In the mean time I have started my Betaseron. Jumped through hoops for that. I am so fed up with my neuro, my GP is finally helping me move on there.
Sorry, I'm a little confused. Are you taking betaseron because you have been diagnosed with a condition ? What is that condition? Usually it is for MS but I'm not sure you are saying you have that diagnosis. Is that right? Who wrote the prescription and what did he say he was treating?
What would the infusions be ? 2 hours a day for 3 days isn't really that much out of a hospital schedule so I'm a bit lost following what the hospitals logic is for saying they don't want to do that.
You've posted in the undiagnosed section. Is that the right category?
About all the two opthamologists could agree upon was physically the eye looks fine,
If you had Optic Neuritis(ON) your Ophthalmologists would have been able to determine your vision problem as Optic Neuritis.
Your GP would not be able to diagnose ON and in the majority of cases a Neurologist will refer their patients to an Ophthalmologist or Neuro-Ophthalmologist to determine if a patient has ON. A MRI can also be used to detect ON.
The treatment for ON is 3 to 5 days of IV steroids which can be done within your home. If your Ophthalmologists determined you had ON they could have ordered the in home IV steroids. This is also true in the case of your Neurologist. It's uncommon to have high dose steroids in the hospital unless the person is unable to move.In the mean time it has turned into one big cluster and the hospital does not want to do the infusions especially because I would be there 2 hours a day for 3 days.
Your story isn't making sense to me.
I've had IV methylprednisolone for ON at an outpatient infusion center. This was the type of facility that's also used for chemo treatments.Snoopy wrote: The treatment for ON is 3 to 5 days of IV steroids which can be done within your home. If your Ophthalmologists determined you had ON they could have ordered the in home IV steroids. This is also true in the case of your Neurologist. It's uncommon to have high dose steroids in the hospital unless the person is unable to move.

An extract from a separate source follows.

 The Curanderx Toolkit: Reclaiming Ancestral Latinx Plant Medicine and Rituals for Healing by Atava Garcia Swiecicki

I've had IV methylprednisolone for ON at an outpatient infusion center. This was the type of facility that's also used for chemo treatments.

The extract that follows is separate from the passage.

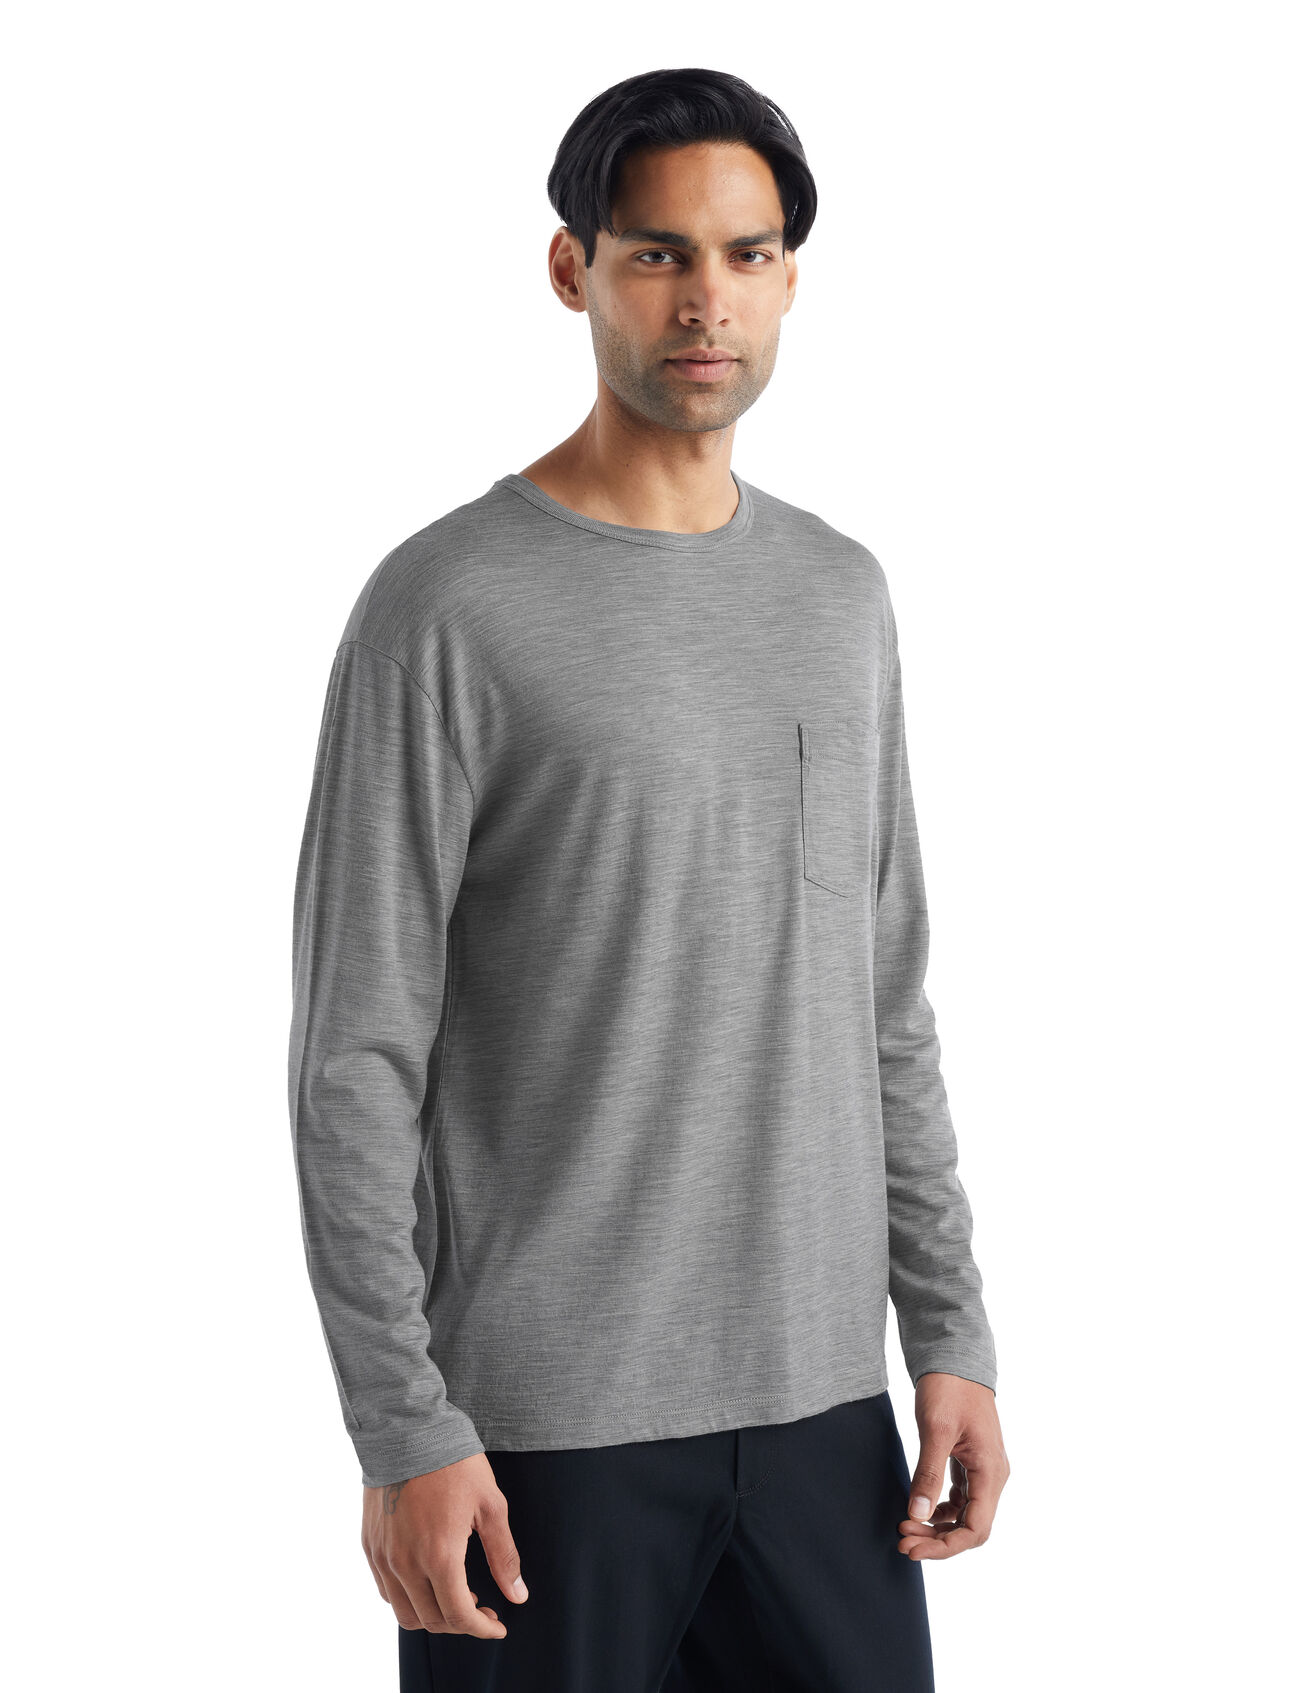 Mens Merino Granary Long Sleeve Pocket T-Shirt A classic pocket tee with a relaxed fit and soft, breathable, 100% merino wool fabric, the Granary Long Sleeve Pocket Tee is all about everyday comfort and style.

NHE you are correct. Infusion Centers are also used for some of the DMDs/DMTs. My Neurology Office has their own in of Infusion Center. That doesn't sound like what MnRdunck is referring to.
I think why we are confused is the way you have been treated is a little unusual. The relationship between the hospital and the neurologist is also unusual. Which practitioner are you relying on? The GP or the neurologist or another?
What happened to you when you were diagnosed in 2016? Is the same neurologist treating you now?
I was given a copy of the eye exam to take to the optic neurologist. Looking at the 4 pages of what they printed out of what my eyes can see, the right one well that was normal all light grays in the shape of my eye. The left one was all dark gray and black. The test was looking forwards at a light with tiny flashing lights that you clicked a button when you saw them. The left eye missed 78%.
And as far as the infusions the neurologist wrote that down on a prescription pad and told me to take it to the hospital. I have now left him and have a month before the new one sees me.
With the best will, I think you are probably wise to wait for the new neurologist. What's happened to you sounds confusing even when you have explained it. Even if the neurologist is right, he has left you confused and uncertain. He is relying on you to know how to deal with the hospital when that's his responsibility.
I'm from a different country so I'm not familiar with what a specialty pharmacy actually is but I can guess. I don't know the Henry Ford Hospital but it sounds like a step in the right direction. Plenty here have gone down similar paths. What ever they do, someone here will have trod the path already so they can share experiences with you.